EA015720B1 - Method and device for guiding of the ion flow - Google Patents

Abstract

The method of ion flow control is that the flow of ions is fed to an incoming hole fixed end, at least one nanotube, which was originally provided with a magnet or property sprayed layer, the shell having its own permanent magnet with poles N-NORTH-S- SOUTH who have the body along the nanotube, which in this case, reinforce fastening element, and the free end of the flexible nanotube bearing within its cavity, this flow of ions, physically move in space, in the region of motion, with the channel and stop its free end outlet nanotubes in a predetermined point of the movement, for this serves the voltage with elements of electronic control on the electromagnetic coil of the deflecting sys tem, which act on the magnet, and reject what the free end of the nanotube with the outlet and as a result, control ion flow, while purposefully sent ions introduced into any given point, which is in the region of motion of the free end of the nanotube, with a nanotube - is, at least one, the hollow nanotube , which has one or several layers of shells with different properties. The device for implementing the above method includes the flow of ions, the flexible nanotube close element nanotubes, fixed end of the nanotube, the free end of the nanotube along the body carrying the magnet N-NORTH-S-SOUTH, entry, entry hole in the fixed end of the nanotube, the output, the output of opening of the free end of the nanotube, a voltage of at least one electromagnetic coil with a core that controls the voltage applied to the coil, the substrate, workdesk.

Description

The method and device for controlling the flow of ions belong to the field of nanomechanics, industrial nanotechnological production, in particular nanoelectronics.

Technical level

A known method and device carrying a stream of ions, by which the direction of flow to the desired point is carried out manually or mechanically. With a motionlessly fixed transport hook for ion transfer, microneedles cling to a single ion, particle and move together with the rigidly installed end of the device to the corresponding point within the boundaries of the region of possible motion. Known, for example, in particular nano-needles.

A well-known solution for controlling the flow of ions, the devices of which are ineffective in operation, have a primitive and cumbersome design, are laborious to use, costly, unreliable, have limited capabilities, including slow and inaccurate ones.

The purpose of the invention

The aim of the present invention is to expand the capabilities of known methods for controlling ion flow and devices for their implementation, creating new possibilities for modeling materials with new properties, increasing the efficiency, speed, quality, reliability of nanoscale modeling, reducing costs and increasing efficiency in principle.

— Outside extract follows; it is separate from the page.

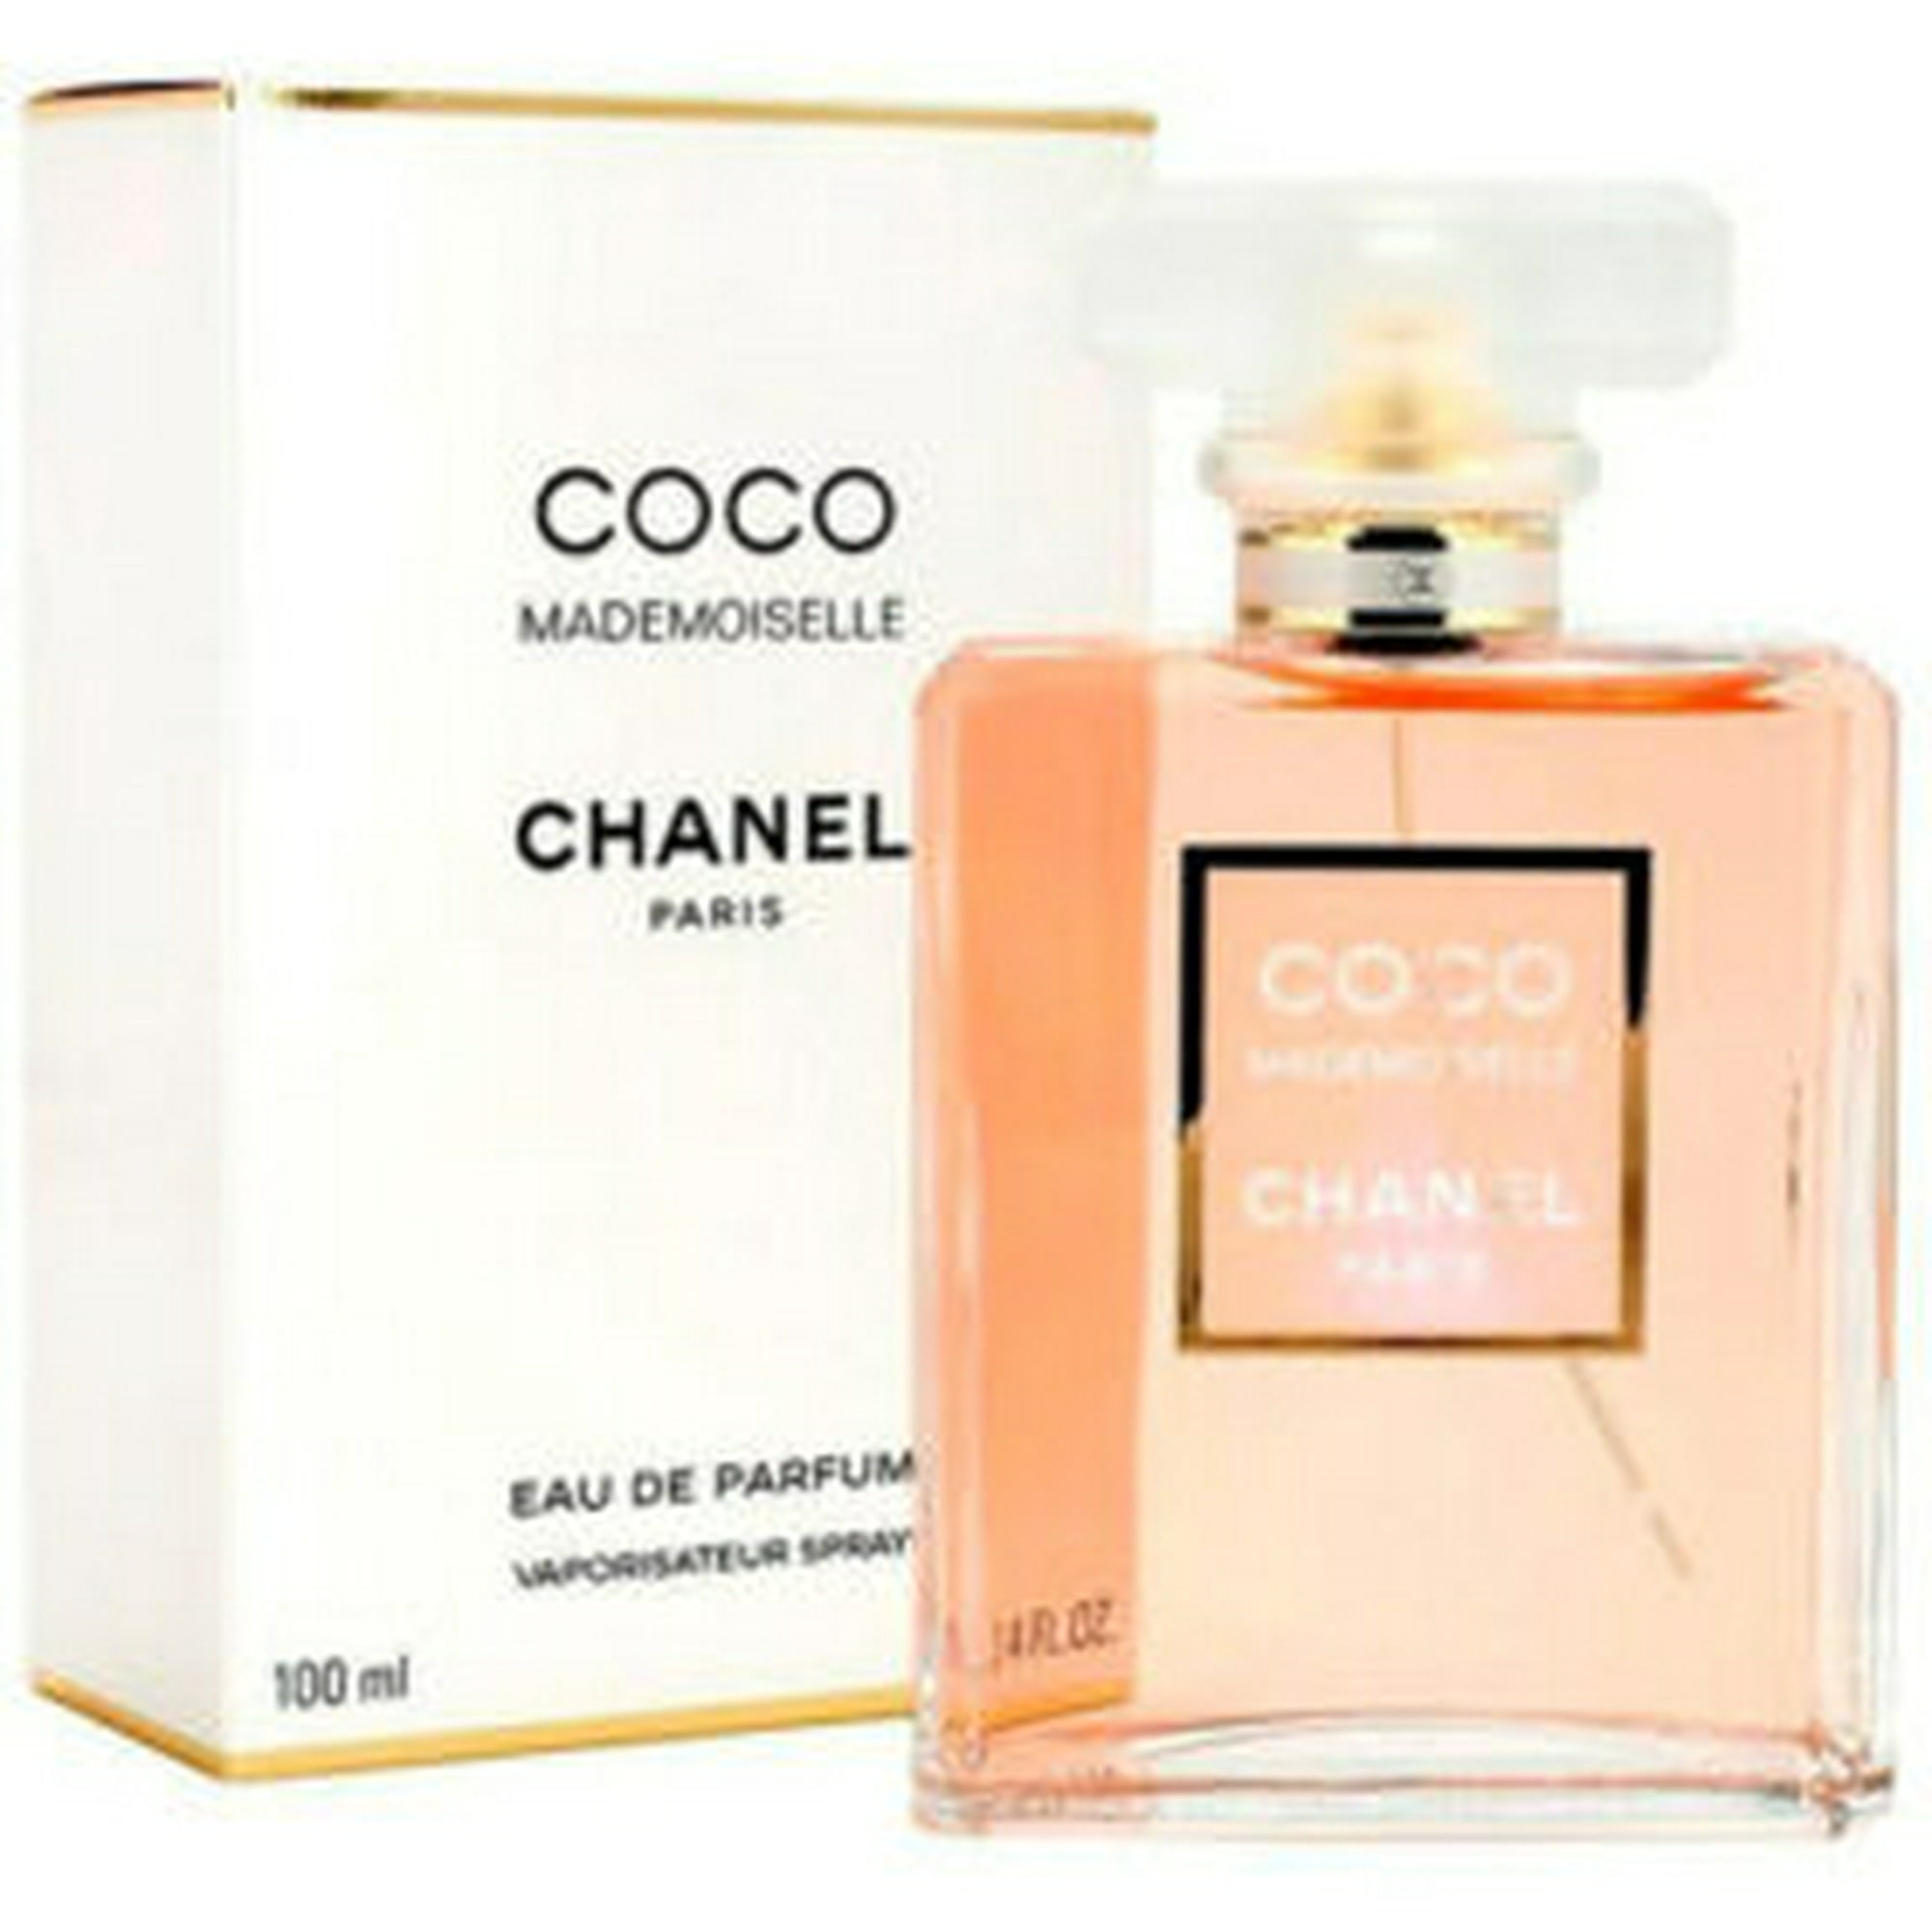 Coco Mademoiselle, el perfume más sexy del momento -y ésta es la razón

To achieve this goal, when moving and modeling ions, they refused to use nano-needles and from a controlled mobile working surface.

Instead, the authors proposed to direct the ion flow to the desired modeling point together with the outlet of the ion-carrying channel of the free end of the hollow nanotube.

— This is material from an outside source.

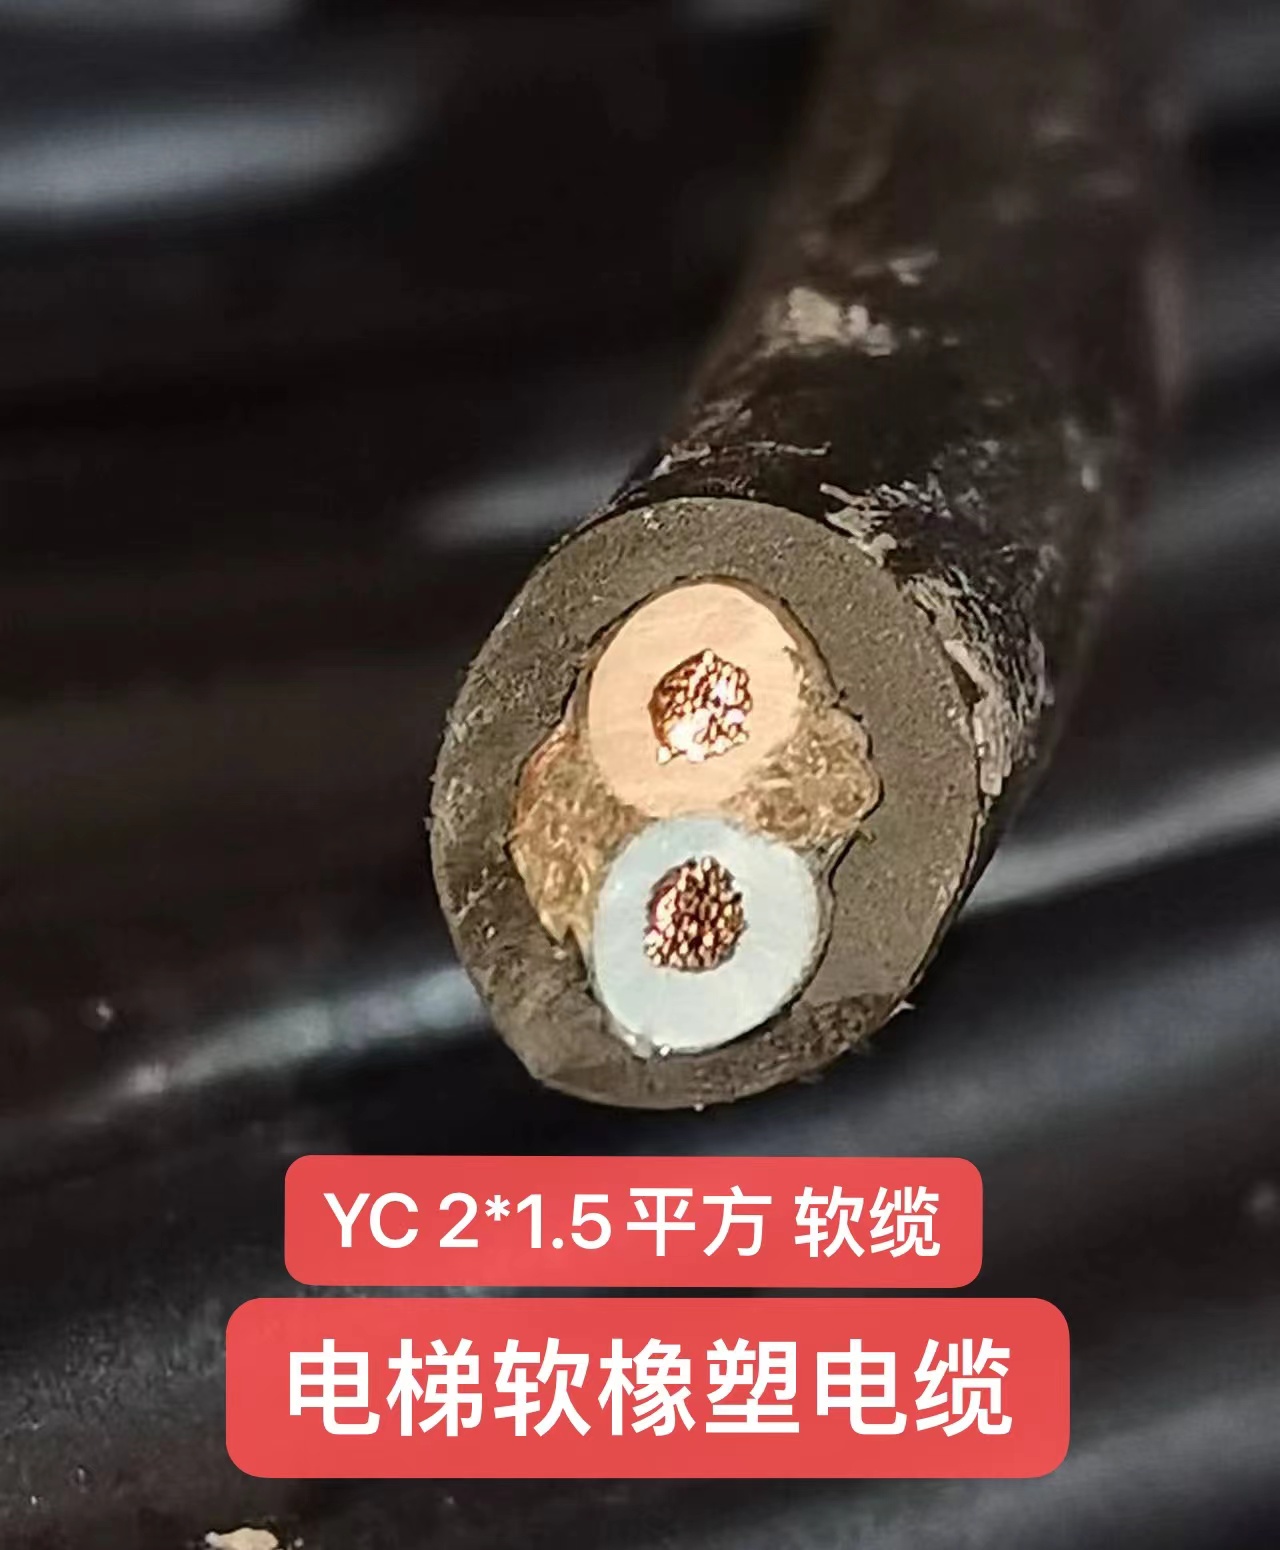 广星YC 2*1.5 平方 软缆 电梯软橡塑电缆

This technical problem is solved by the present invention, the essence of which is to control the ion flow as follows: ions are introduced into the inlet, into the flexible nanotube, while the outlet of the free end of the flexible nanotube is physically moved by the acting actuators within the boundaries of the region of motion of the free end and from the inside of the nanotube ions are removed at any given point.

To do this, acting controls and deviations are used as actuators, while the outlet of the free end of the flexible nanotube is deflected and moved at least in one direction or, if necessary, moved in three dimensions along the axes of the coordinate system ΧΥΖ and the outlet the free end of the flexible nanotube is deflected and moved by several types of deflection system, in particular, using electromagnetic deflection means.

Thus, the technical result is achieved by introducing an ion flux into the fixed end of the nanotube and controlling the free end of the flexible nanotube, while the spatial deflection of its outlet in the physical space using the deflecting elements of the electromagnetic deflection system, in particular, are electromagnets.

Thus, the method implementation apparatus comprises a deflecting system consisting of one or more pairs of electromagnets.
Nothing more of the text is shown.